Omit the pictures and reproduce the rest of the listing exactly.

DATA EXTRACT –
☆ ☆ ☆

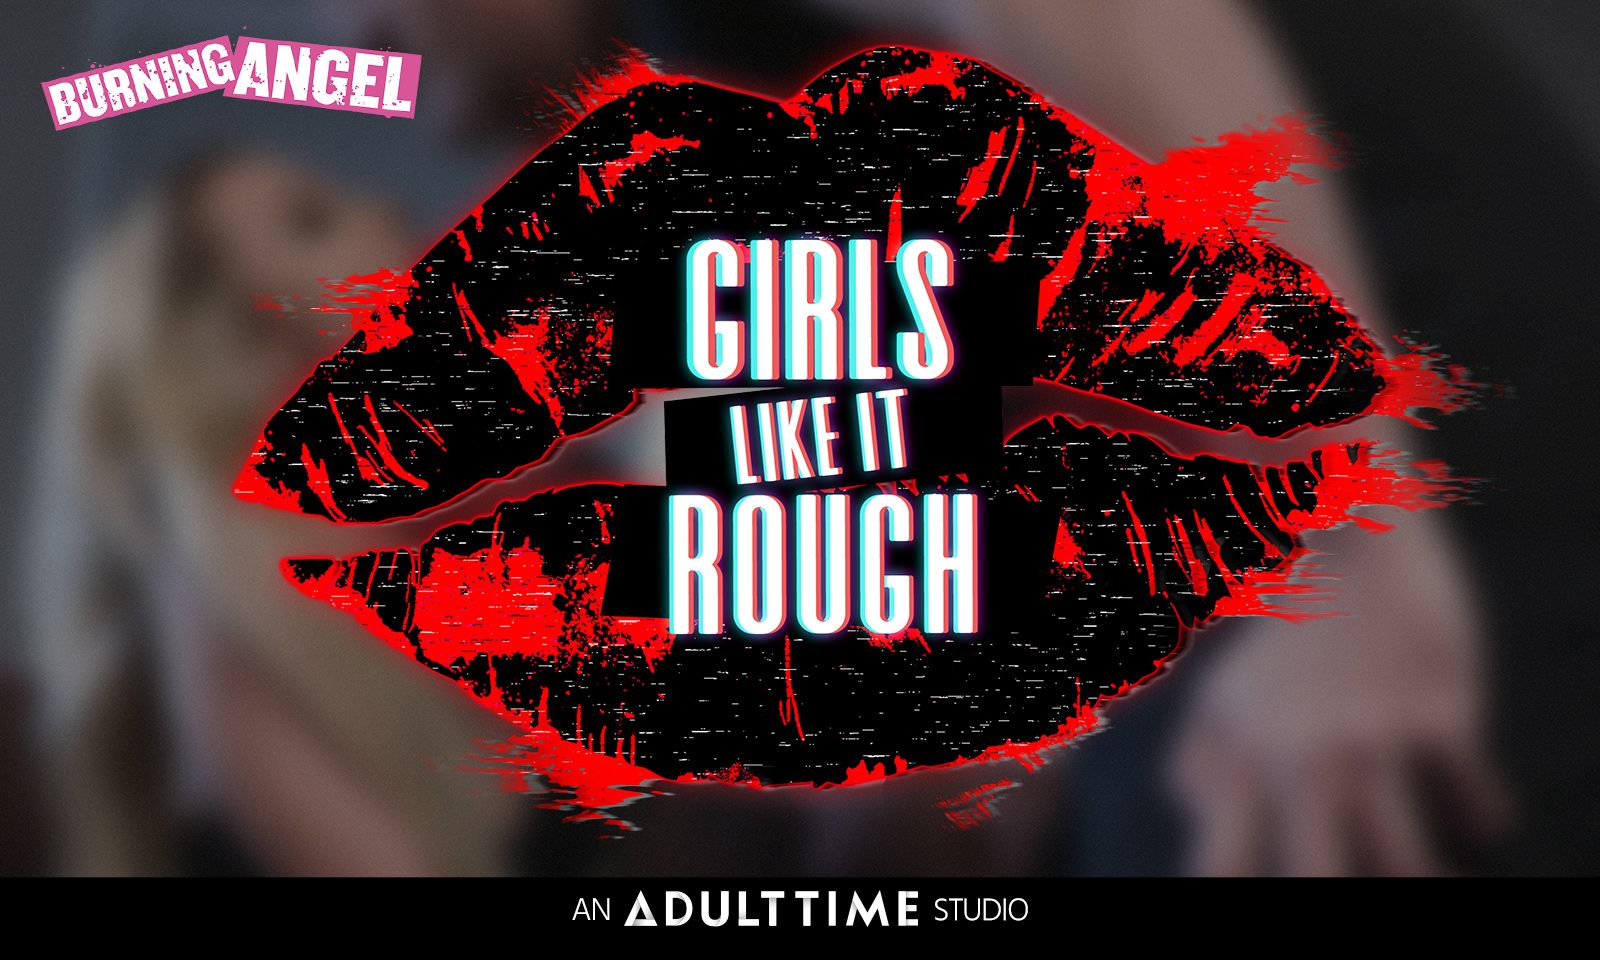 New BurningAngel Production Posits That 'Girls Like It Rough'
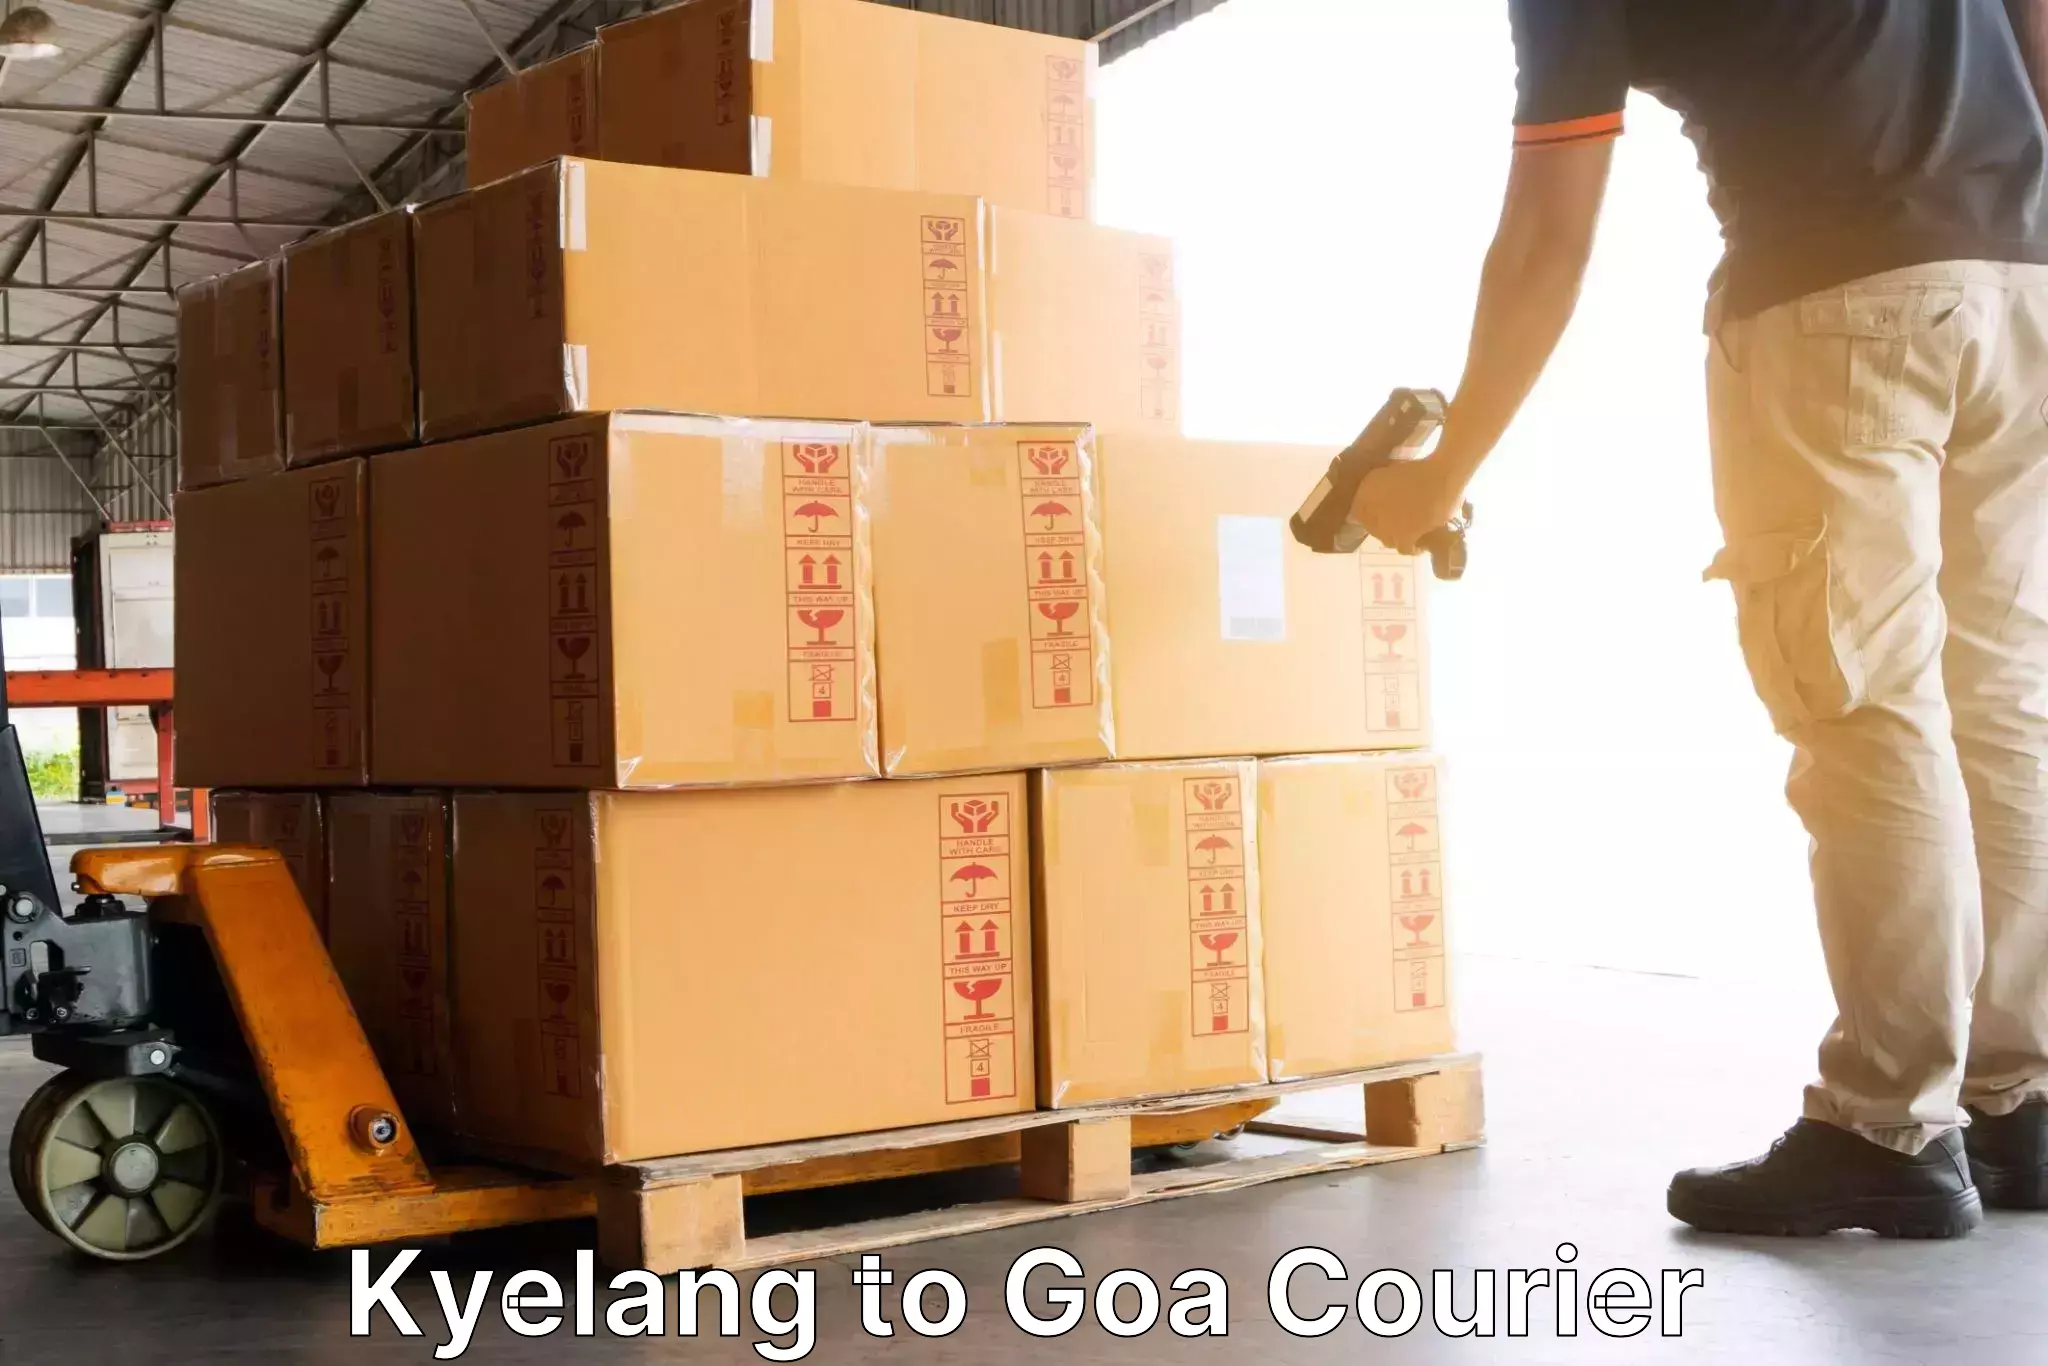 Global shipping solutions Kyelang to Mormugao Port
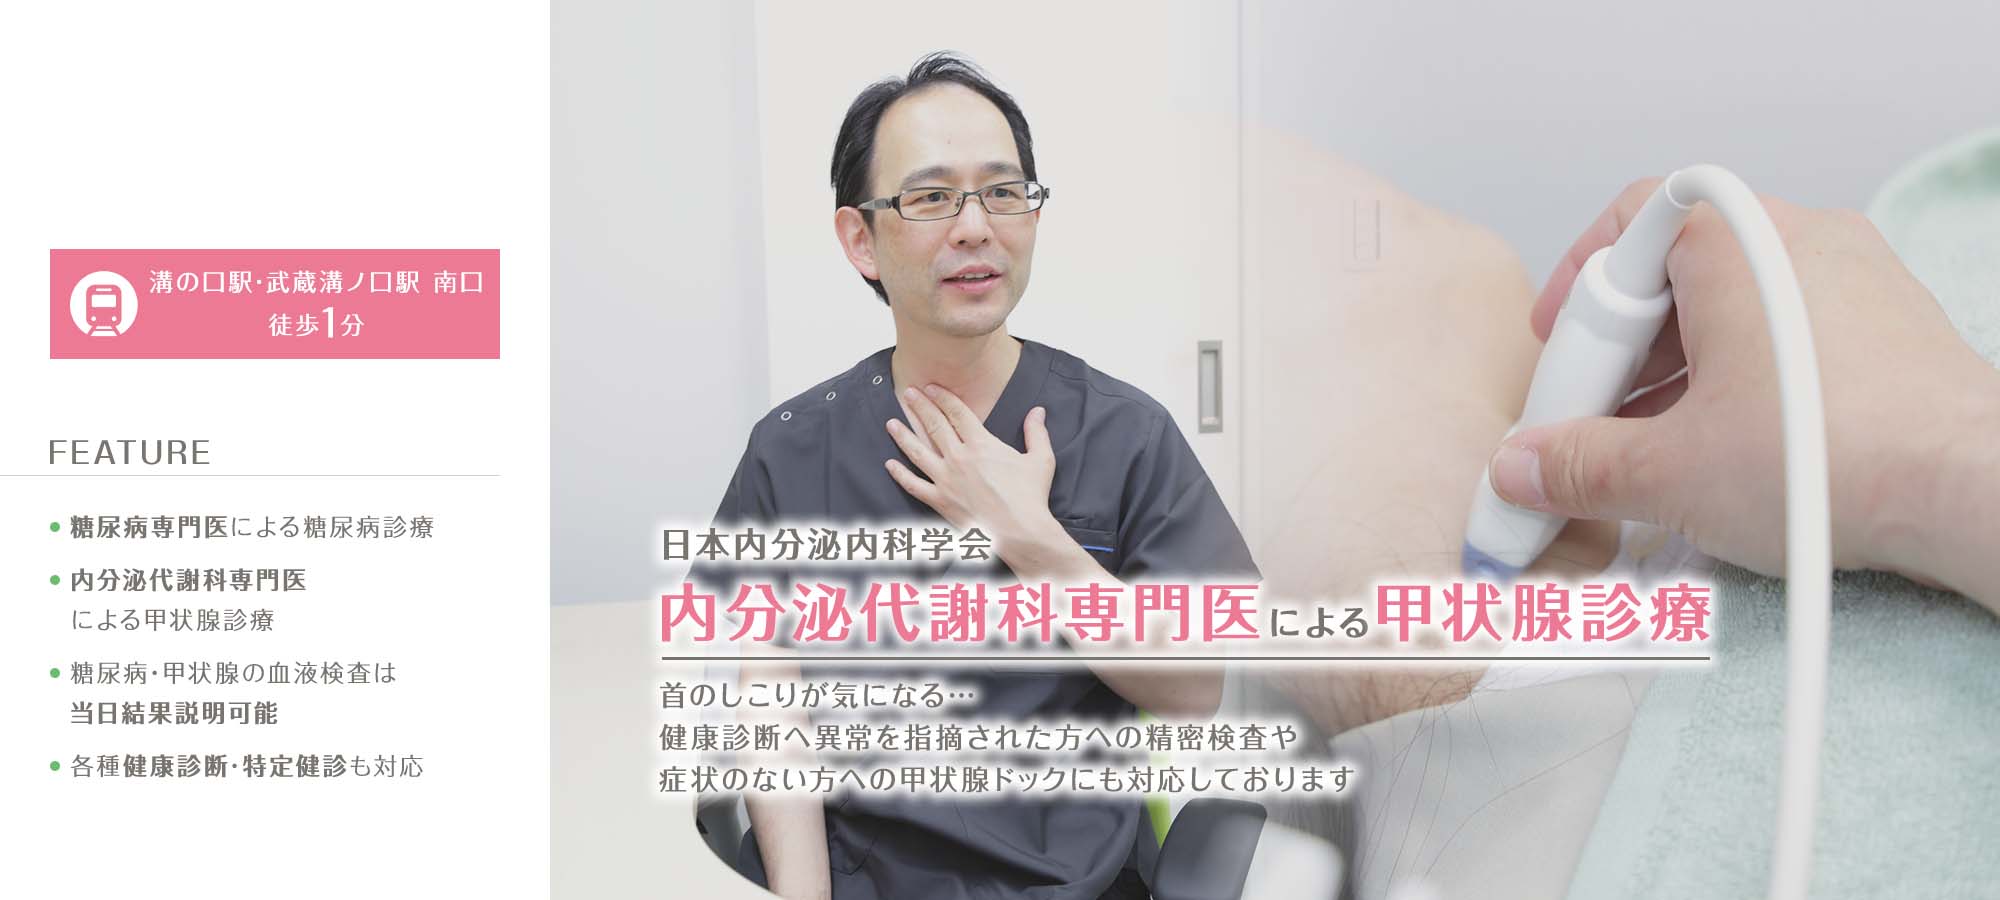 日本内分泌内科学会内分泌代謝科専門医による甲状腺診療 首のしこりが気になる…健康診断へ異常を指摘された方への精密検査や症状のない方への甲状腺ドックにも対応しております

☆ ☆ ☆

TASK ANSWER –
 New BurningAngel Production Posits That 'Girls Like It Rough'
 Global shipping solutions Kyelang to Mormugao Port
 日本内分泌内科学会内分泌代謝科専門医による甲状腺診療 首のしこりが気になる…健康診断へ異常を指摘された方への精密検査や症状のない方への甲状腺ドックにも対応しております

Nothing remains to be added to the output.